Bill Harris wrote in with a question:
David Hogg points out in one of his general articles on data modeling that regression assumptions require one to put the variable with the highest variance in the ‘y’ position and the variable you know best (lowest variance) in the ‘x’ position. As he points out, others speak of independent and dependent variables, as if causality determined the form of a regression formula. In a quick scan of ARM and BDA, I don’t see clear advice, but I do see the use of ‘independent’ and ‘dependent.’
I recently did a model over data in which we know the ‘effect’ pretty well (we measure it), while we know the ’cause’ less well (it’s estimated by people who only need to get it approximately correct). A model of the form ’cause ~ effect’ fit visually much better than one of the form ‘effect ~ cause’, but interpreting it seems challenging.
For a simplistic example, let the effect be energy use in a building for cooling (E), and let the cause be outdoor air temperature (T). We know E, because we can measure it. We typically get T at a “nearby” location (within 5-10 miles, perhaps), but we know microclimates cause that to be in error for what counts at the particular building.

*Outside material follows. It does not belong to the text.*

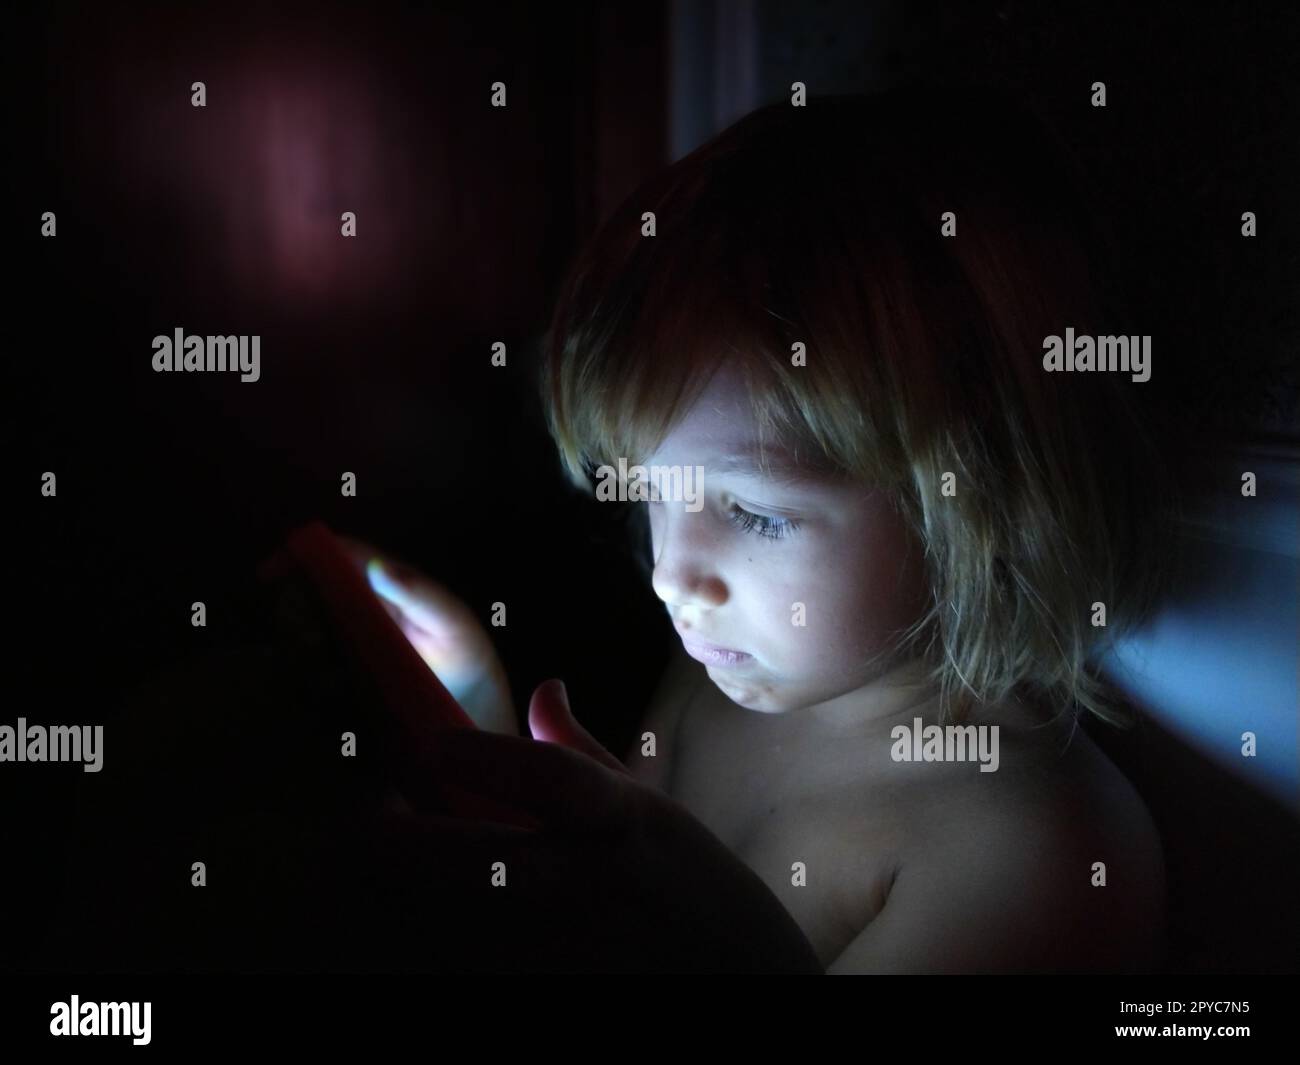 Süßes kleines Mädchen spielt mit einem Tablet-Computer. Ein 7-jähriges Kind mit einem ernsten Gesicht und blonden Haaren sieht in ein Gerät. Speicherplatz kopieren. Mädchen im Zimmer. Dunkle und helle Wand. Zu Hause in der Nacht Stockfoto

So ‘E ~ T’ makes sense, but ‘T ~ E’ may violate fewer regression assumptions. At least in the short term and over a volume that’s bigger than covered by the exhaust plume from the air conditioner, the natural interpretation of that (“the outdoor air temperature is a function of the energy you consume to cool the building”) is hard to swallow.
How do you handle this? In a complete modeling sense, I see modeling the uncertainty in x and y, but often a simpler ‘lm(y ~ x)’ suffices. Which would you put as x and which as y? If you do ‘T ~ E’, how do you interpret the results in words?
Do we really use the terms “independent” and “dependent” variables in this sense in ARM and BDA? I don’t think so. If we do, these are mistakes that we should fix. I don’t ever like the use of this term. In ARM I think we make it pretty clear that regression is about predicting y from x. There is no rule that y have higher variance than x. Sometimes people want to predict y from x, but x is not observed, all we that is available is z which is some noisy measure of x. In this case one can fit a measurement error model. I believe we discuss this briefly somewhere in our books but it’s an important enough topic that I think for the next edition of ARM, I’ll add a section on such models.
Bill then responded:
I must have been looking too fast; I can’t find that anymore. I do see p. 37, which seemed crystal clear until I read Hogg (below); then it wasn’t clear if the predictor on p. 37 of ARM really means what I think it means (energy use doesn’t drive outside air temperature, at least on the short term, but I /could/ interpret it as energy use can be used to /predict/ outdoor air temperature more accurately than temperature can predict energy use).
In footnote 5 of http://arxiv.org/abs/1008.4686, Hogg et al. mention that you should regress x on y, not y on x, in those cases if you don’t model the measurement error.
I sense you don’t agree that Hogg’s approach is a reasonable intermediate step between a simple lm(y ~ x) and a full-blown model. Perhaps that’s something to cover more fully in a new ARM: is there anything to do in particular when working up from a simple lm() to a full-blown model of measurement error (or perhaps you have and I forgot or missed it).
My reply: We’ll definitely cover this in the next edition of ARM. We’ll do it in Stan, where it’s very easy to write a measurement error model. Indeed, we’re planning to get rid of lm() and glm() entirely.